In particular, in regions where the humidity of the air is very low, it may be favorable to place the device of the invention at altitude where the air is always more loaded with water vapor. The device will then be connected to an atmospheric balloon stabilized at the appropriate altitude and the collected water will be brought to the ground. by a flexible pipe.

Then, the water obtained can be purified and filtered by any appropriate additional means. It may be the same for the hot air introduced to avoid the deposition of suspended particles in the air.

Claims

R E VE N D I C A T I O N S

1 - Device for extracting water present in the air by condensation of water vapor during the passage of a flow of hot air over a plurality of cold plates (12, 12 ') kept cold by means an external heat exchanger (22), characterized in that said cold plates (12, 12 ') are arranged parallel to each other in a working chamber (4,

4 ') and form a determined angle with the horizontal to promote the harvesting of water by simple gravity, that the flow of hot inlet air is admitted under pressure into an inlet chamber (2), where it is distributed to circulate between the said cold plates (12, 12 '), and the air flow used is then extracted from the said working chamber (4, 4') to be admitted into an outlet chamber ( 6, 6 ') connected to the open air.

2 - Extraction device according to claim 1, characterized in that the flow of hot air is distributed to circulate between said cold plates (12, 12 ') by means of a perforated double wall (18) forming a labyrinth for the said air flow and separating the said inlet chamber (2) from the said working chamber (4, 4M. 3 - Extraction device according to claim 1 or 2, characterized in that a perforated wall (20, 20 ') is disposed between said working chamber (4, 4') and said outlet chamber (6 , 6 ').

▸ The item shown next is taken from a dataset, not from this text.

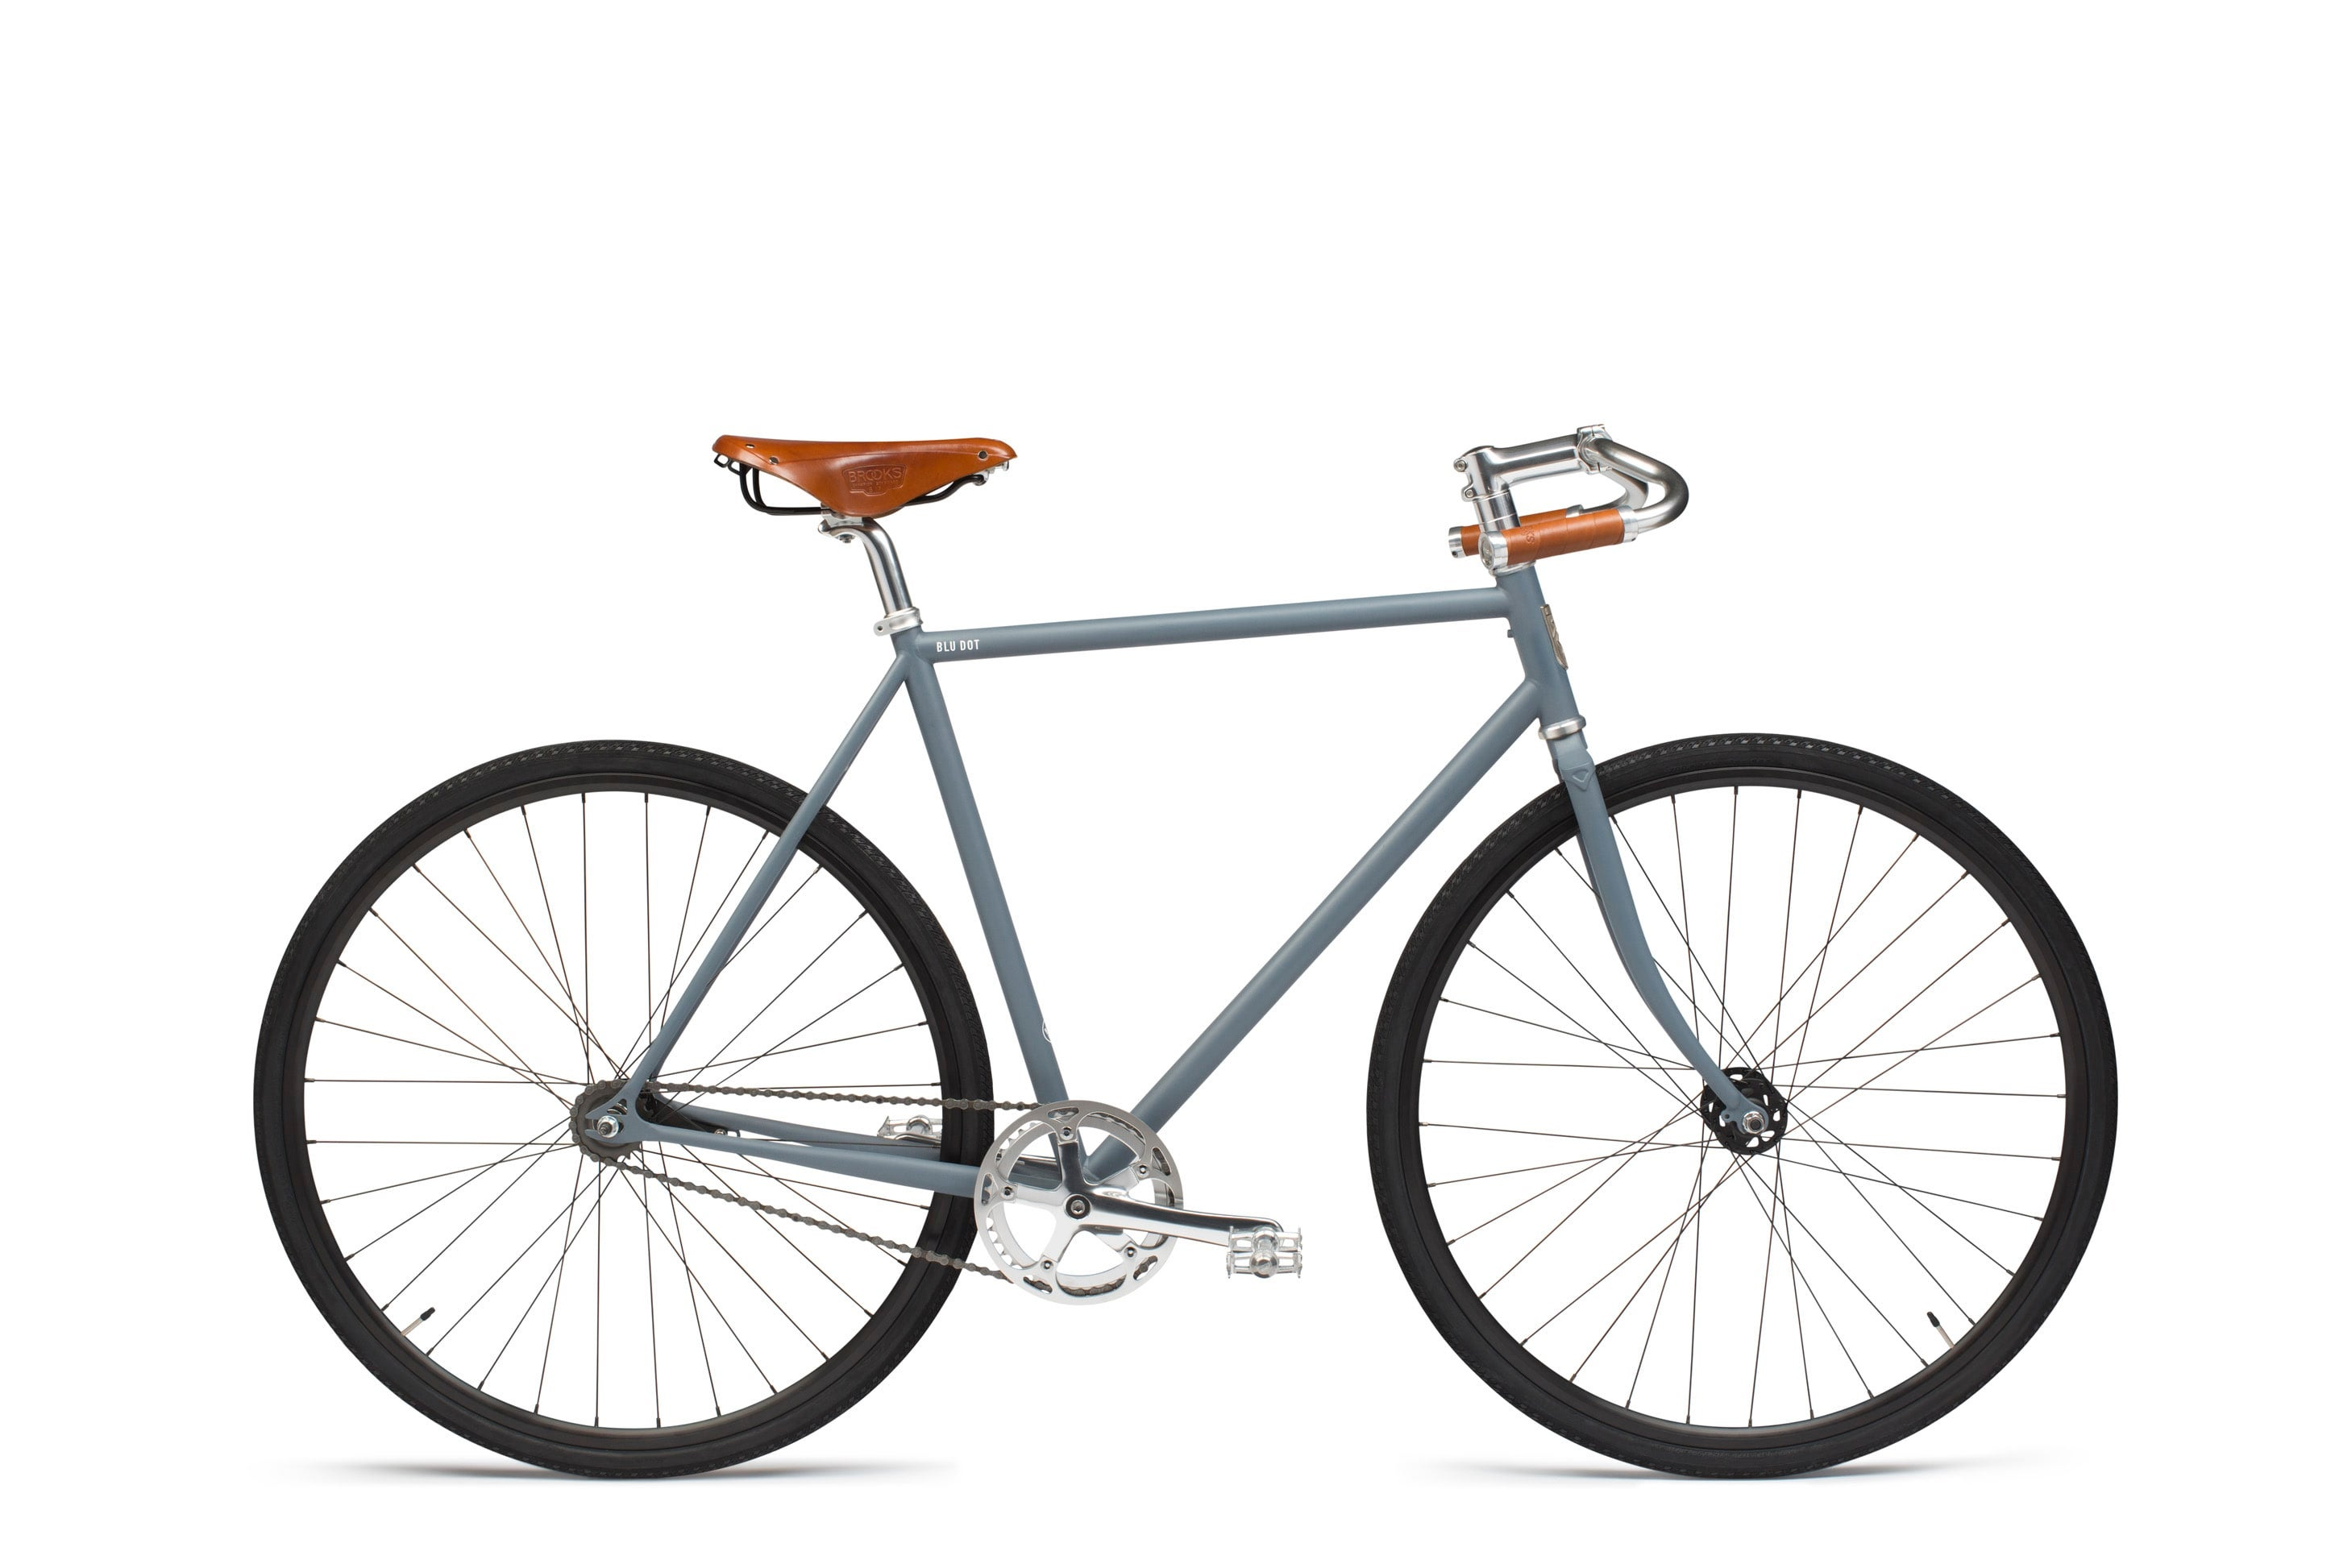 bludot_x_handsome_bike_1926_3

4 - Extraction device according to any one of claims 1 to 3, characterized in that said inlet chamber (2) is located opposite the highest part of said cold plates (12, 12 ') , while the outlet chamber is located opposite the lowest part of said cold plates (12, 12 ').

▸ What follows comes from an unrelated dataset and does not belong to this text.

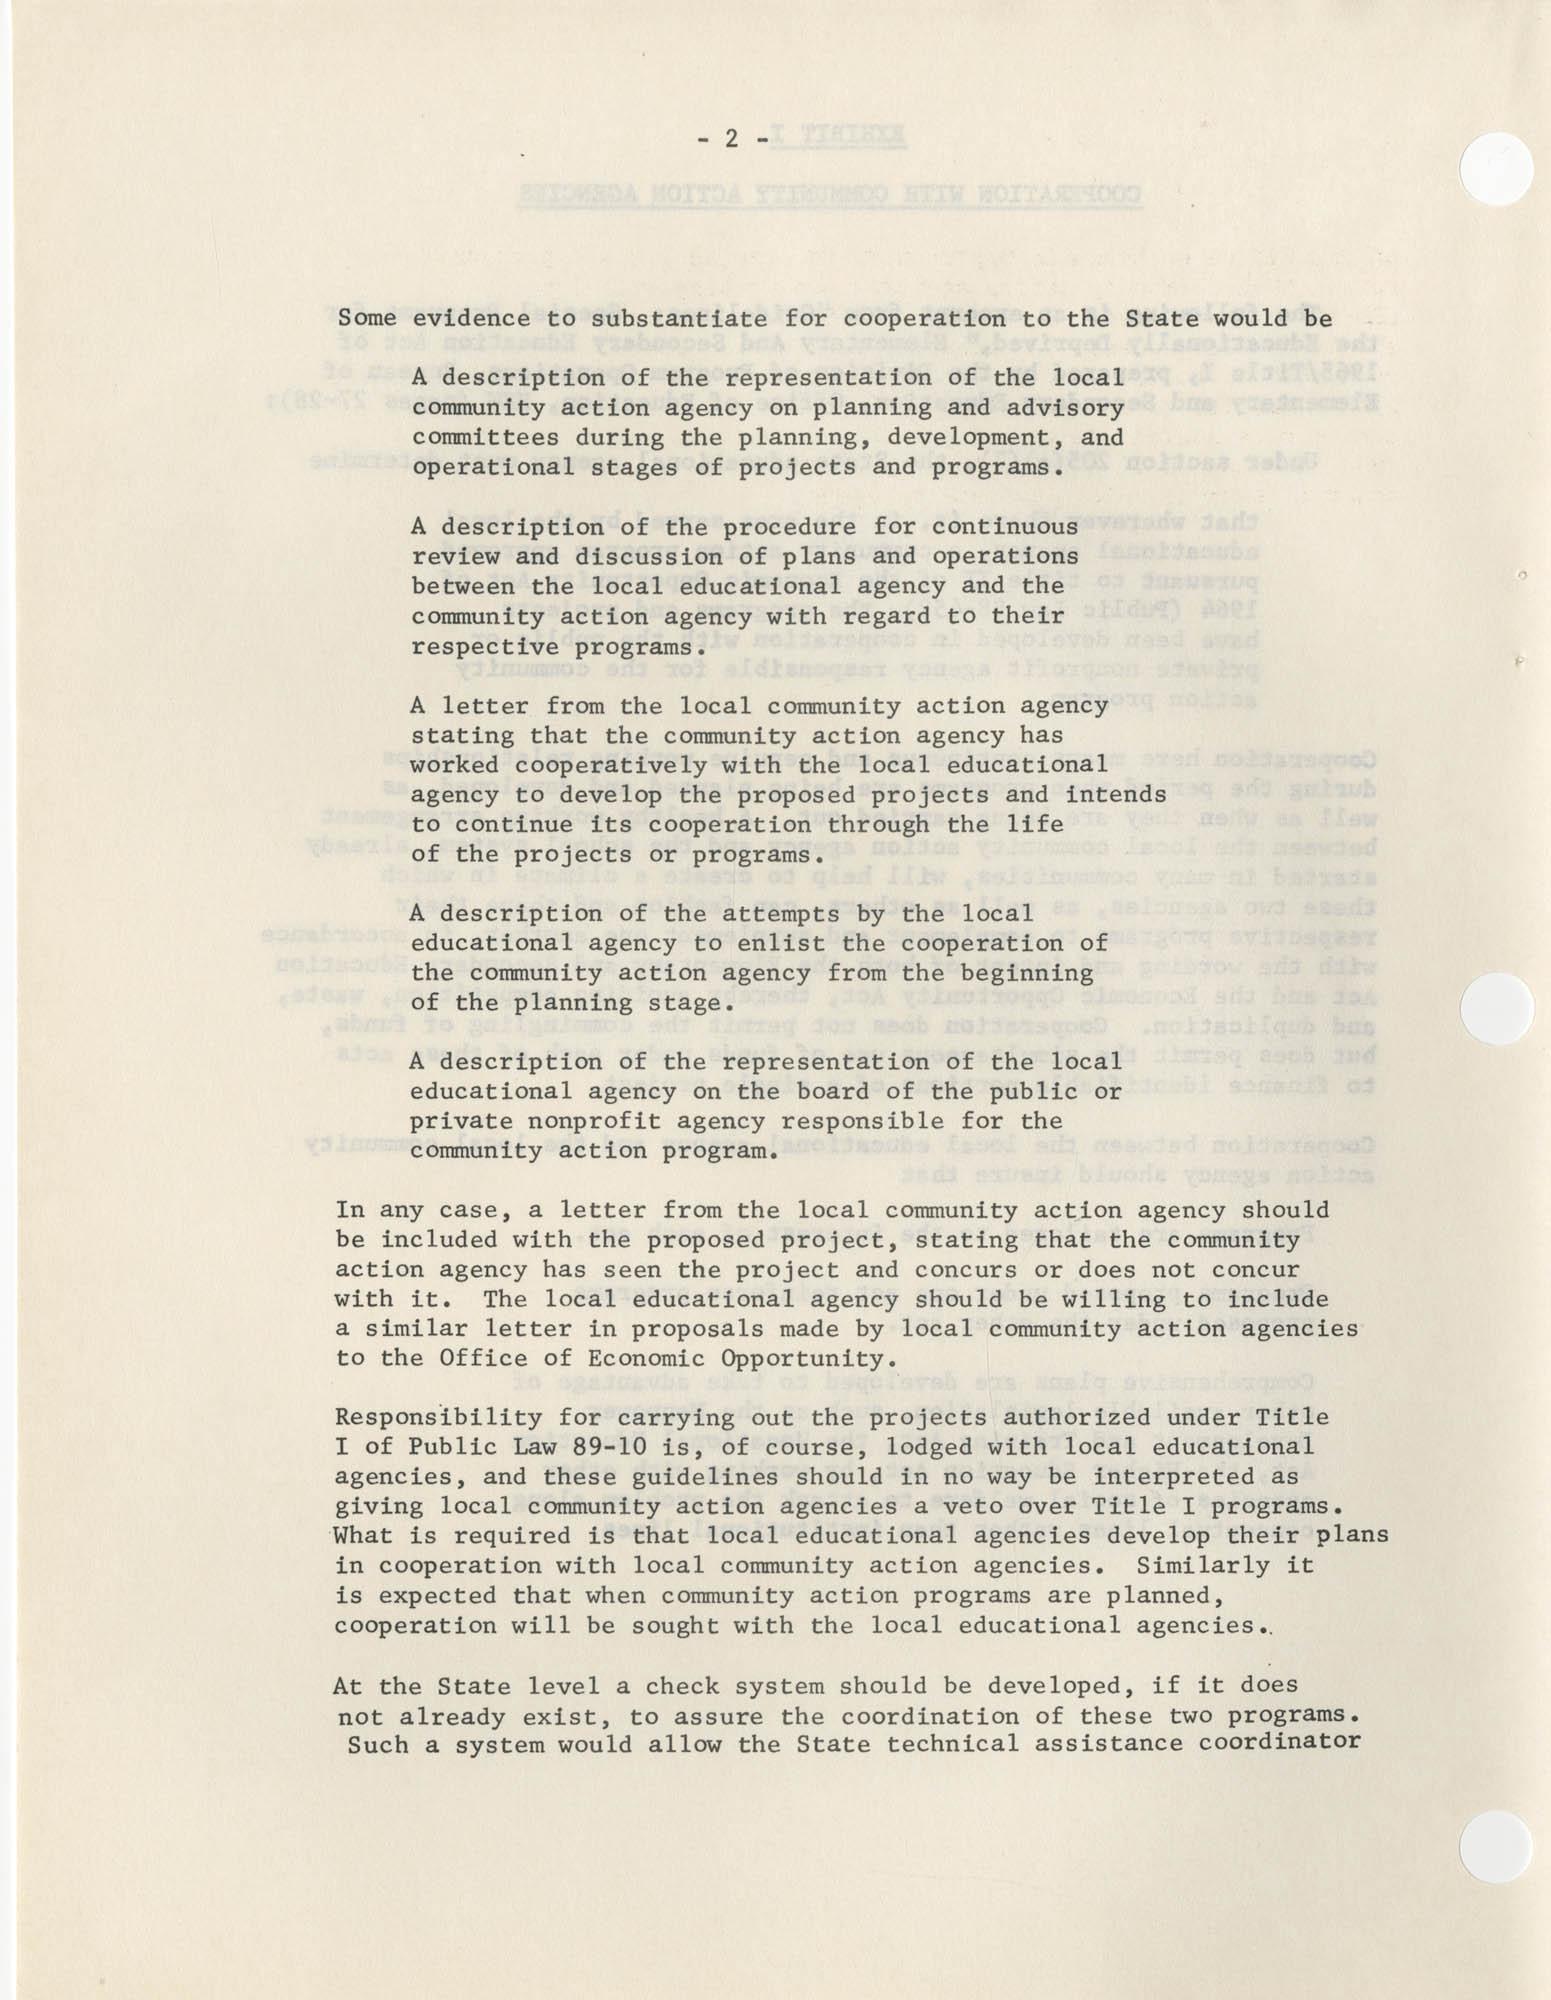 Community Action Program Memorandum No. 27, Exhibit 1 Page 2

5 - Extraction device according to any one of claims 1 to 3, characterized in that said inlet chamber (2) is located opposite the lowest part of said cold plates (12, 12 ') , while the outlet chamber is located opposite the highest part of said cold plates (12, 12 ').

6 - Extraction device according to any one of the preceding claims, characterized in that the said cold plates (12, 12 ') are each provided with a gutter (14, 14') collecting the condensation water and the directing towards a reservoir (16).

7 - Extraction device according to any one of the preceding claims, characterized in that said working chamber (4, 4 ') is insulated.

8 - Extraction device according to one any one of the preceding claims, characterized in that it comprises two working chambers (4, 4 ') respectively arranged on either side of said inlet chamber (2), an outlet chamber (6, 6' ) being associated with each of the working chambers (4, 4 ').

9 - Extraction device according to any one of the preceding claims, characterized in that the inlet air flow is heated by a heating means before its admission into said inlet chamber (2).

10 - Extraction device according to claim 9, characterized in that said means for heating the inlet air flow is chosen from a plurality of electrical resistors arranged in the path of the inlet air flow, the heat radiator of the heat exchanger (22) supplying the frigories required for the said cold plates, a coil immersed in the hot water tank of an additional water heater, a solar lenticular means, and the combination thereof .

11 - Extraction device according to any one of the preceding claims, characterized in that said outlet chamber (6, 6 ') of the air flow used is connected to the open air at a distance (24) from the hot inlet air sampling area.

12 - Extraction device according to any one of the preceding claims, characterized in that the electrical energy required for the operation of said device is obtained by means of panels photovoltaic or wind turbines, so as to make the said device autonomous, energy recovery means (28) which can be validly added to the device.